_TASK INPUTS_
+-------+

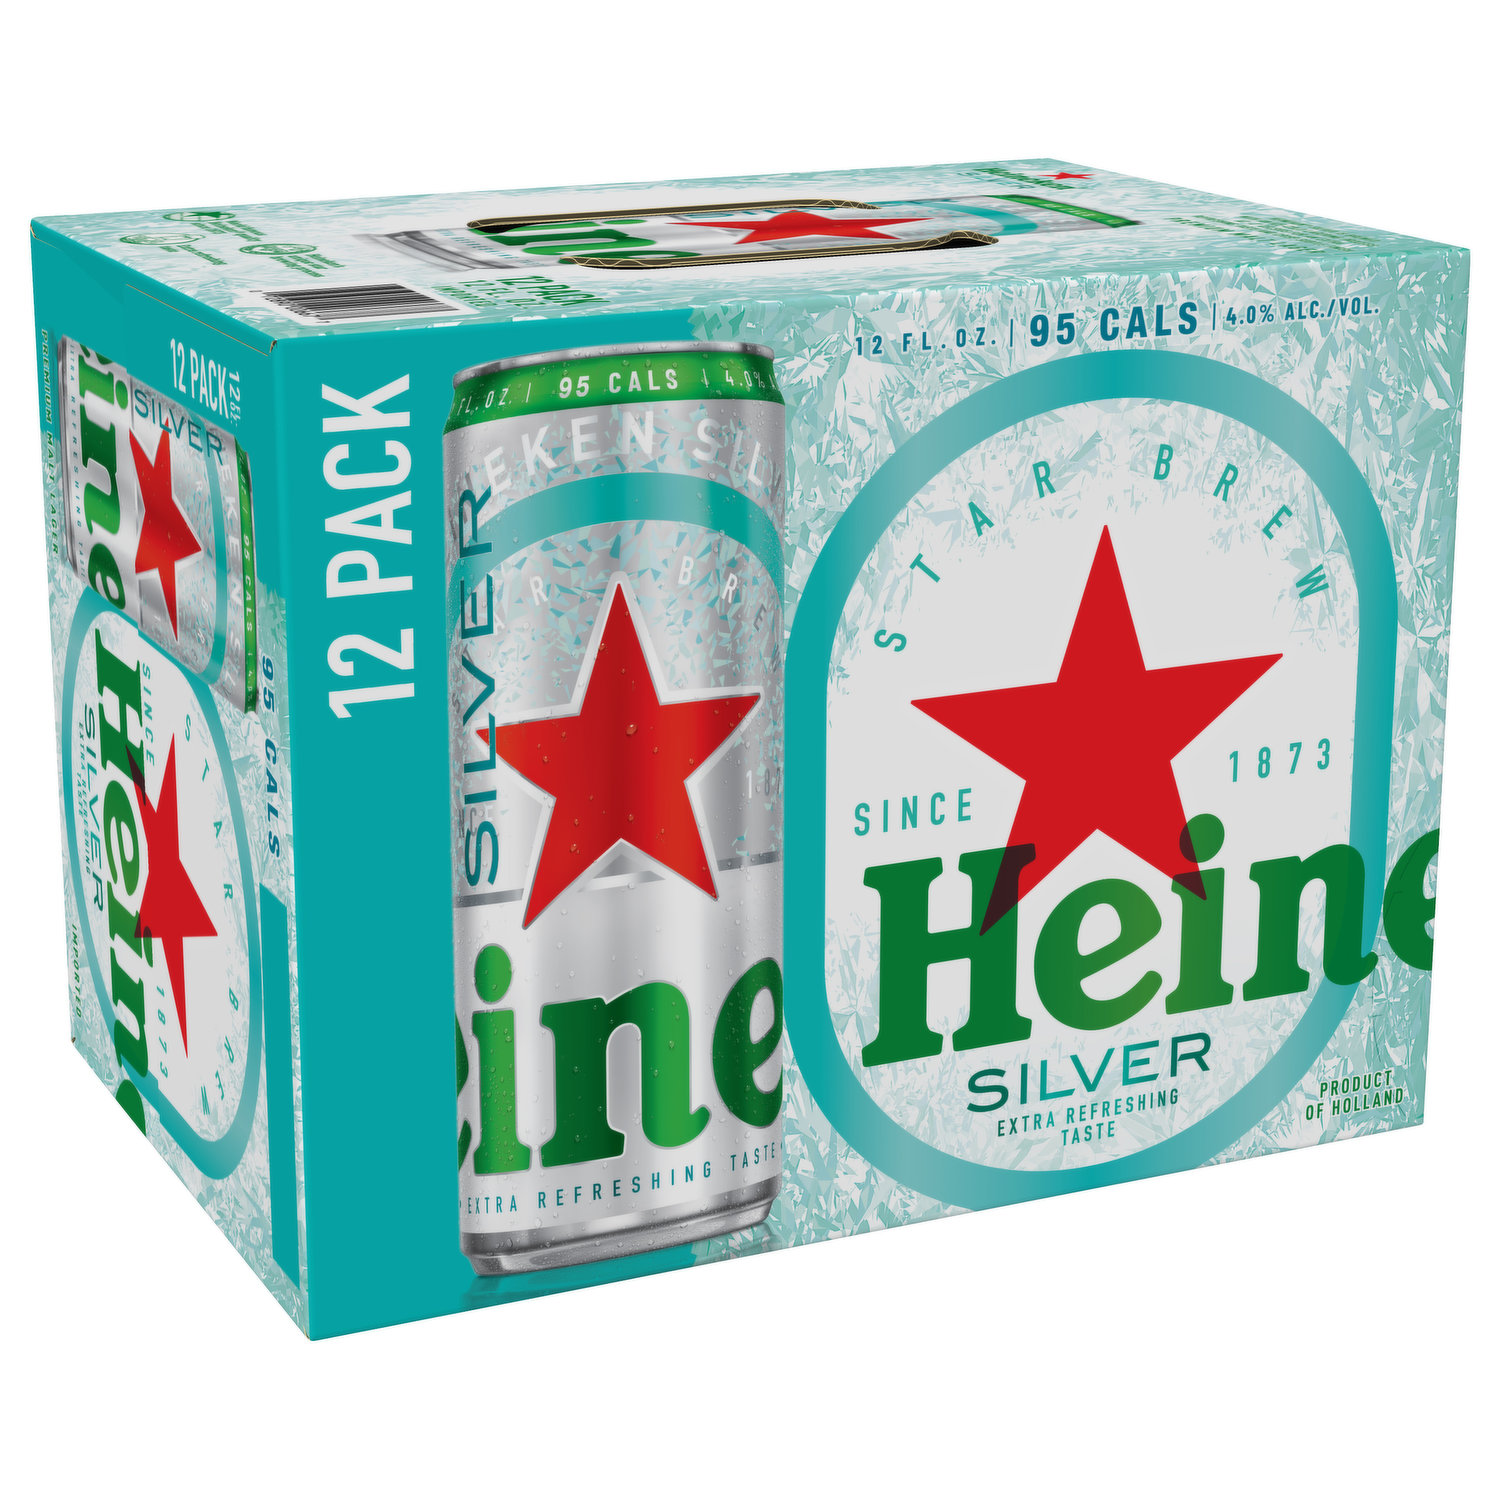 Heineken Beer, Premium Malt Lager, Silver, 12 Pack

+-------+

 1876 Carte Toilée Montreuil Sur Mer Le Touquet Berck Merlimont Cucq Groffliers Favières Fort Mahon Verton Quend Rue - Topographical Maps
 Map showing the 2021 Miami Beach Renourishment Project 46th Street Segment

+-------+

_TRY IT_
From the material above, retype precisely the lines between the line holding "1876 Carte Toilée" and the line holding "Map showing the", inclusive, and nothing beyond them.

_TASK OUTPUT_
 1876 Carte Toilée Montreuil Sur Mer Le Touquet Berck Merlimont Cucq Groffliers Favières Fort Mahon Verton Quend Rue - Topographical Maps
 Map showing the 2021 Miami Beach Renourishment Project 46th Street Segment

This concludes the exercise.